Preferably, after file filter device screens recovery to original document data in duplicate removal bag based on active file collection, need to be again by the data block of file including and corresponding metadata store in duplicate removal bag, concrete steps are to carry out file cutting, fingerprint to generate, set up service data, after system cutting file, it is the hash value of first computational data piece to the processing of data block, then carry out hash comparison, finally exactly the data after duplicate removal are stored, the memory management module of system to the processing procedure of new unique data piece be one can concurrent execution scheduling.
Preferably, data recovery is to recover for the unified of all unique data pieces, logic data block, data block fingerprint and the file metadata that comprise in Single document.
Preferably, the data block processing procedure that file after processing through data de-duplication technology is comprised is divided into the thread of four parallel processings: the storage of unique data piece, logic data block storage, data block fingerprint storage and file metadata storage, the programming mechanism that thread uses is openMP.
Preferably, file in active file filters scan duplicate removal bag is the time sequencing that enters data deduplication system by original document, whether the filename that compares one by one document entity in duplicate removal bag is present in active file collection, and the file shunting that visiting frequency is different is processed.
Preferably, original document in the duplicate removal bag of change data deduplication system enters the feature of the discrete distribution of time sequencing of system by file, again the data content in duplicate removal bag is comprised to unique data piece, logic data block, data block fingerprint and file metadata, by the visiting frequency of file, are dispatched to the front end of corresponding data fragment in duplicate removal bag in base unit Unified Set taking Single document.
Compared with prior art, tool has the following advantages and beneficial effect in the present invention:
(1) the present invention is based on the data rearrangement of active file, taking file as processing unit, the data message corresponding with data block to all data blocks that comprise in Single document carries out United Dispatching and distribution, and this is consistent with the request of access contents and mode of user level.

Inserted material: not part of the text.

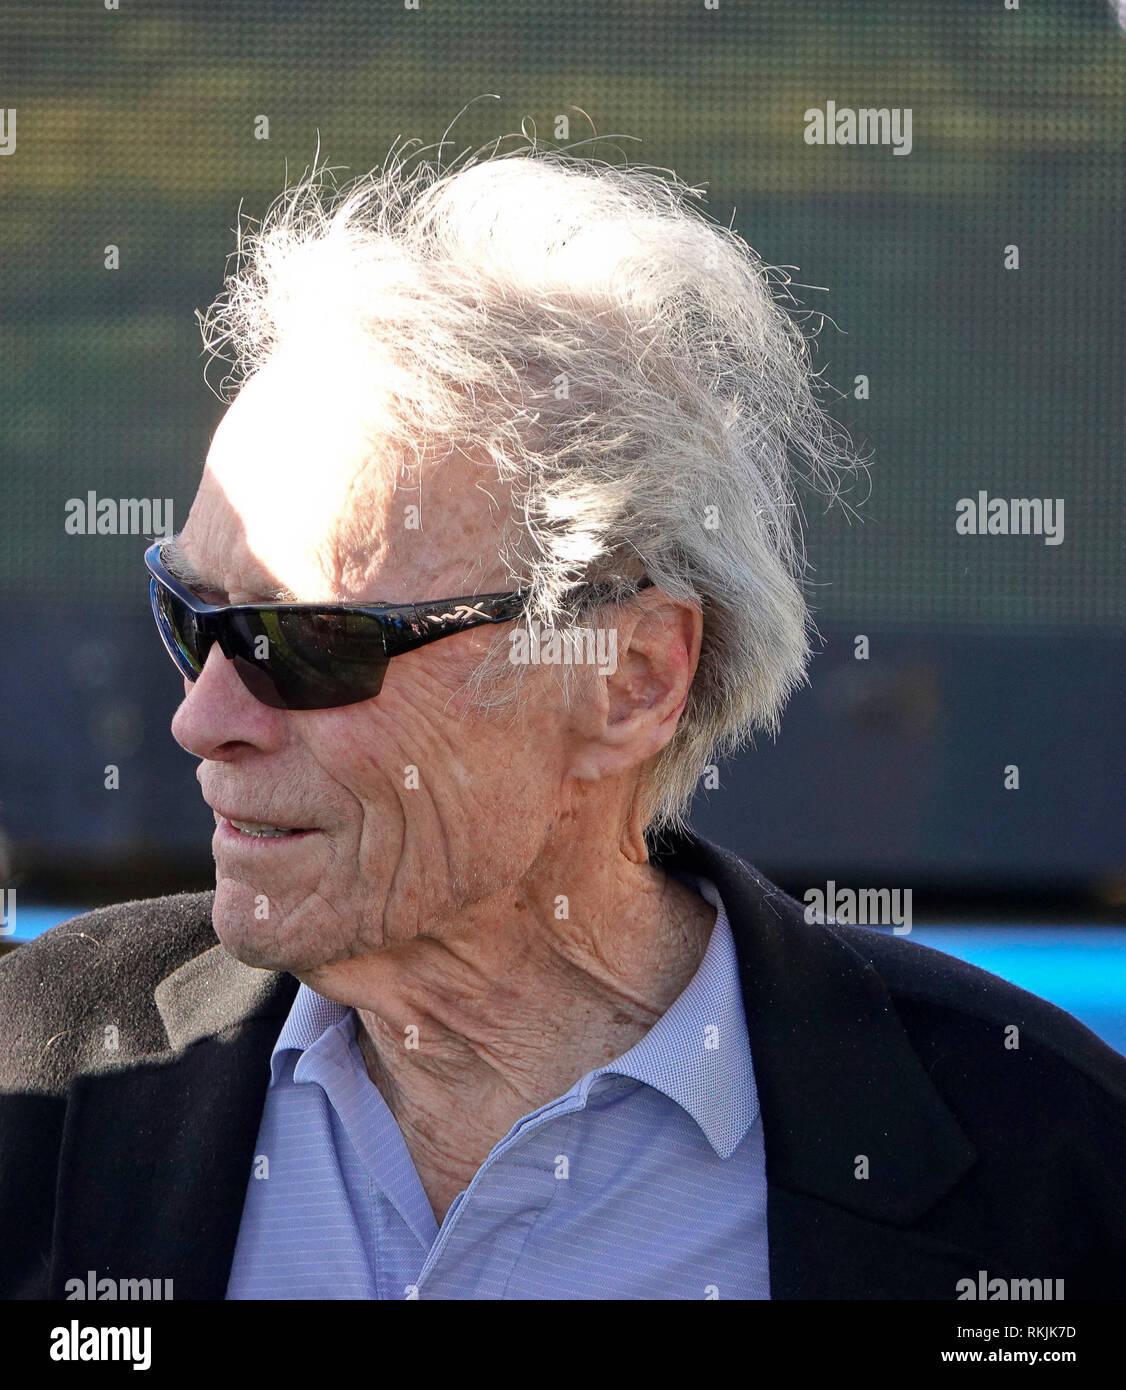 Clint Eastwood 2019
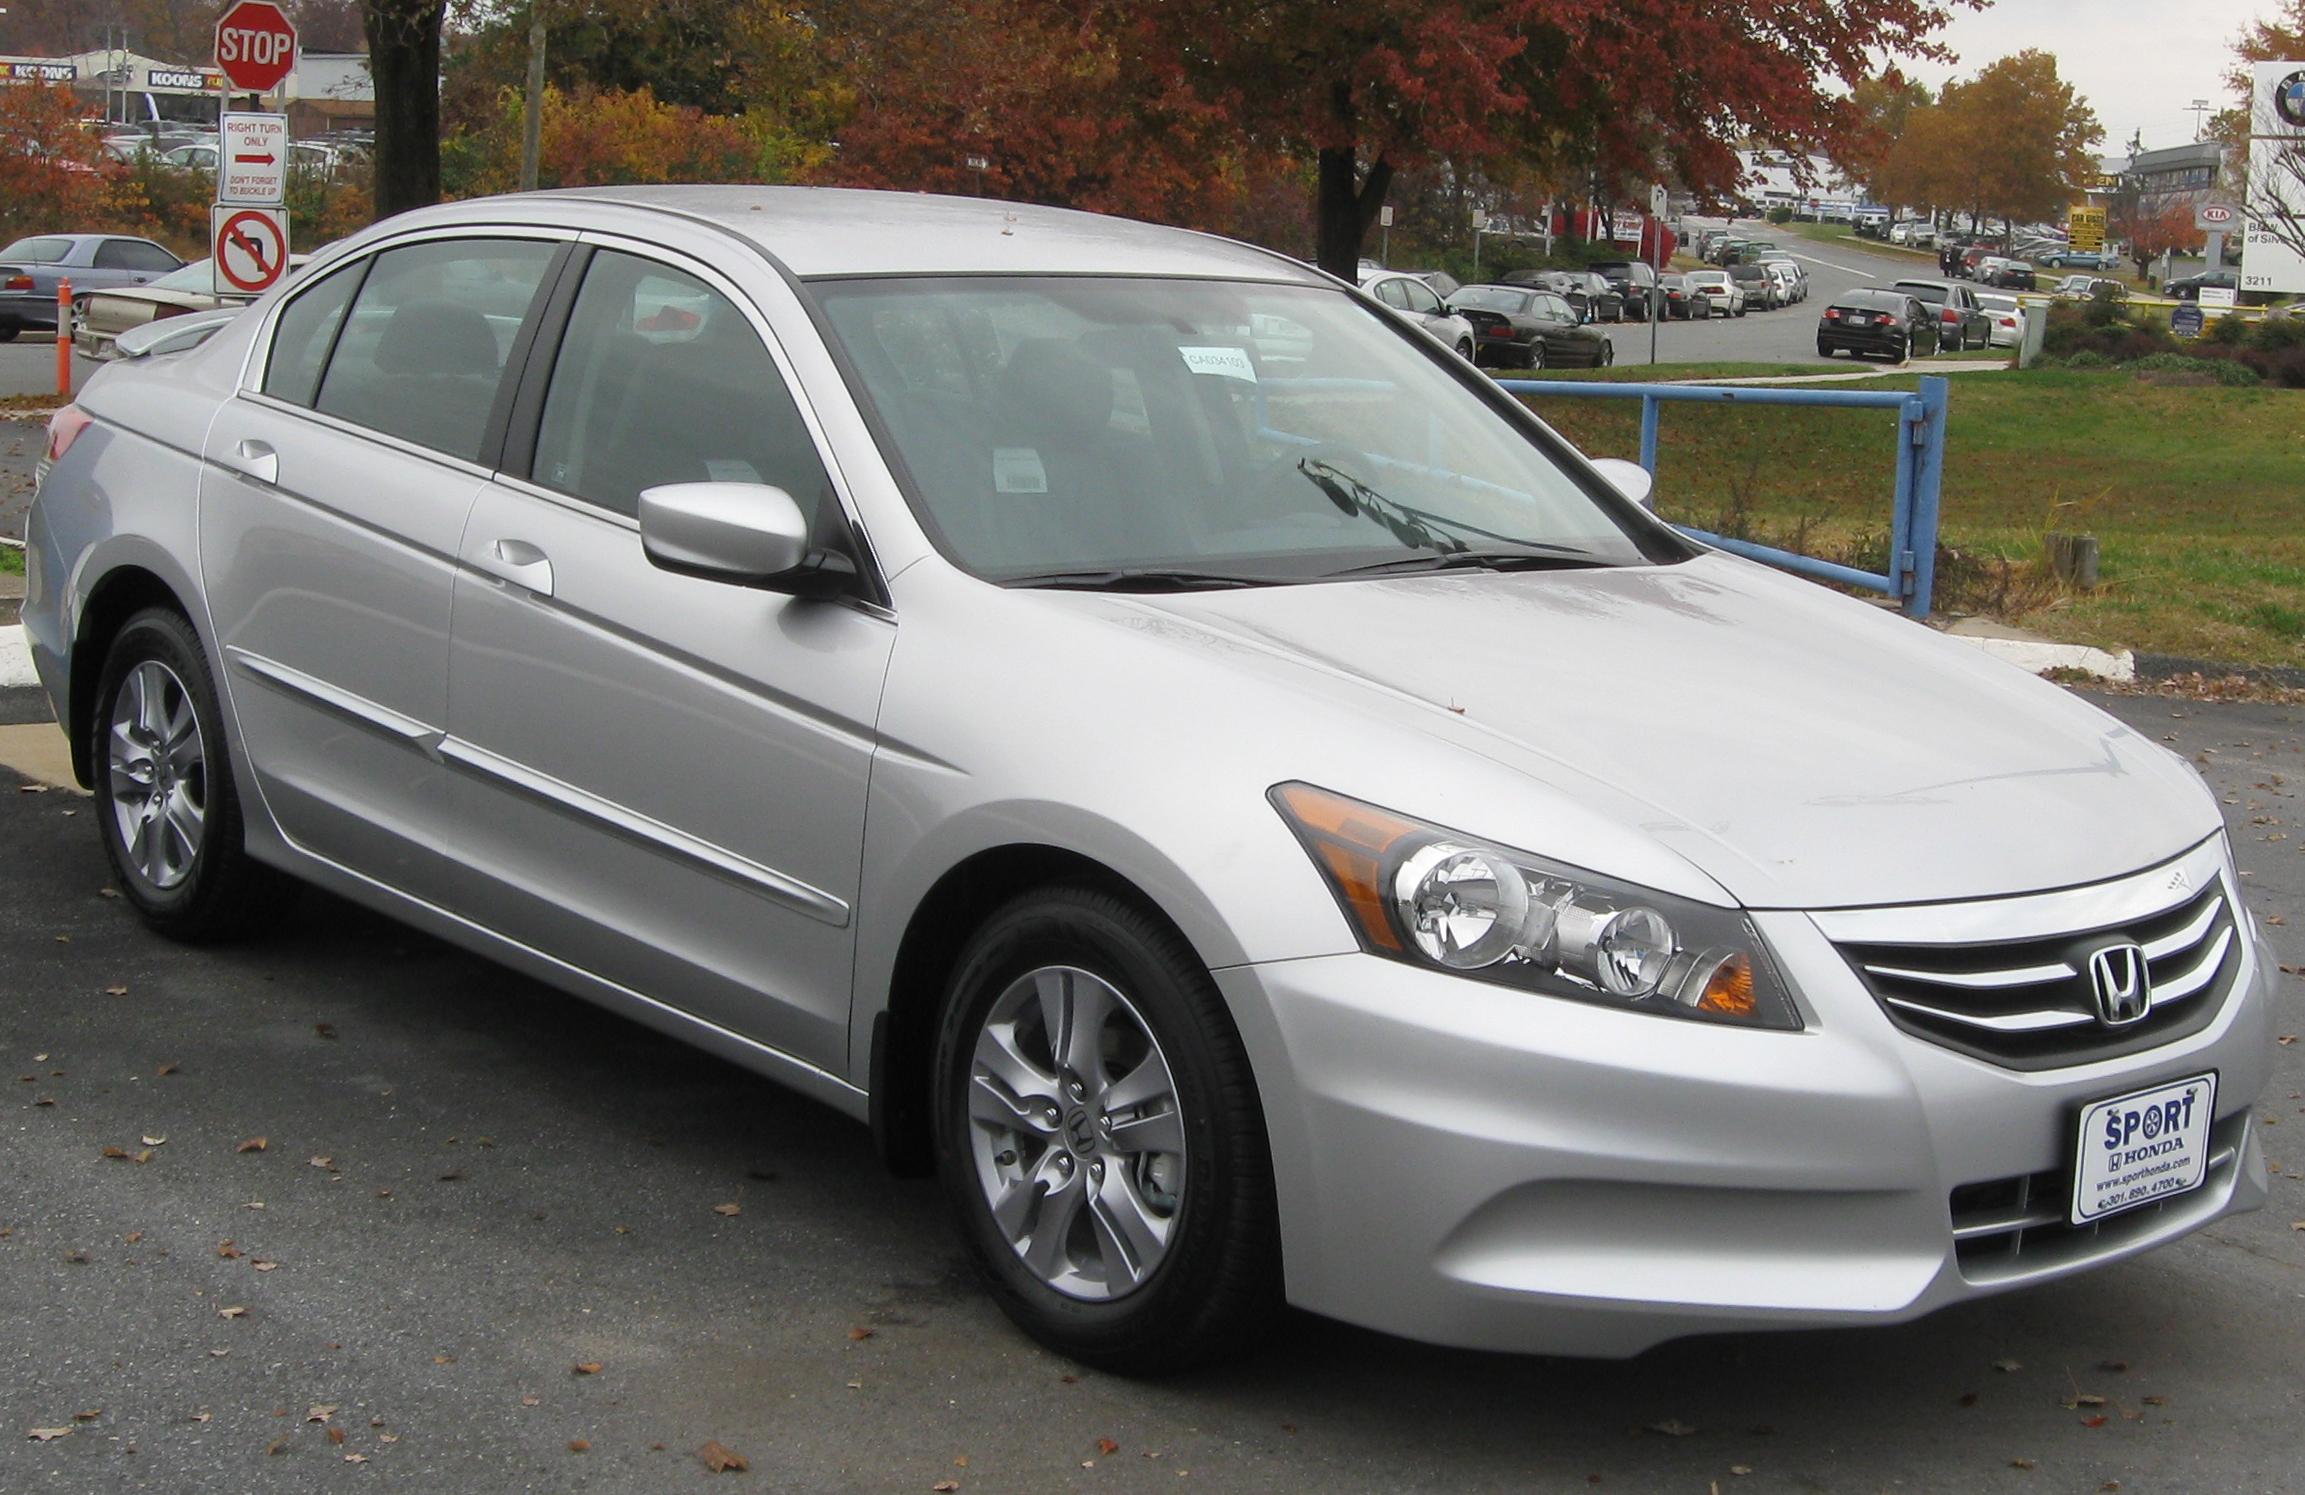 2012 Honda Accord Image 18

(2) the present invention shunts the data of active file and non-common file, file test is concentrated to the data slot front end being prefetched in duplicate removal bag, the time overhead that saving system is found document entity.
(3) file recovers termination mechanism, the present invention is based on the process of in the duplicate removal bag after active file is reset, file being recovered and add termination judgement, after All Files in file set all recovers from packet, system no longer scans the alternative document entity in duplicate removal bag.This can save the unnecessary document retrieval time.
Embodiment
Below in conjunction with embodiment and accompanying drawing, the present invention is described in further detail, but embodiments of the present invention are not limited to this.
Embodiment
As shown in Figure 1, the data reconstruction optimization method of a kind of online data deduplication system of the present invention, the model of place of application is online data deduplication system, comprises server end and client two parts:
The function that client mainly realizes is that file is carried out to stripping and slicing, the hash value of computational data piece, and storage hash value, and as the fingerprint of this data block.By comparing the fingerprint of each data block, judge the piece whether this data block repeats, system is only stored unique data block, and records the ID of each data block.Each file entity of can creating a file, document entity is for preserving the metadata of original, comprise the size of filename, data block quantity, data block ID size, last data block and the numbering of one group of unique data piece, and last data block of file is (because this data block size is conventionally little than normal data piece, recurrence probability is very little, so storage separately).Unique data piece, data block fingerprint, all document entities can be kept at a duplicate removal bag, and in duplicate removal bag, data send to server end with the form of file.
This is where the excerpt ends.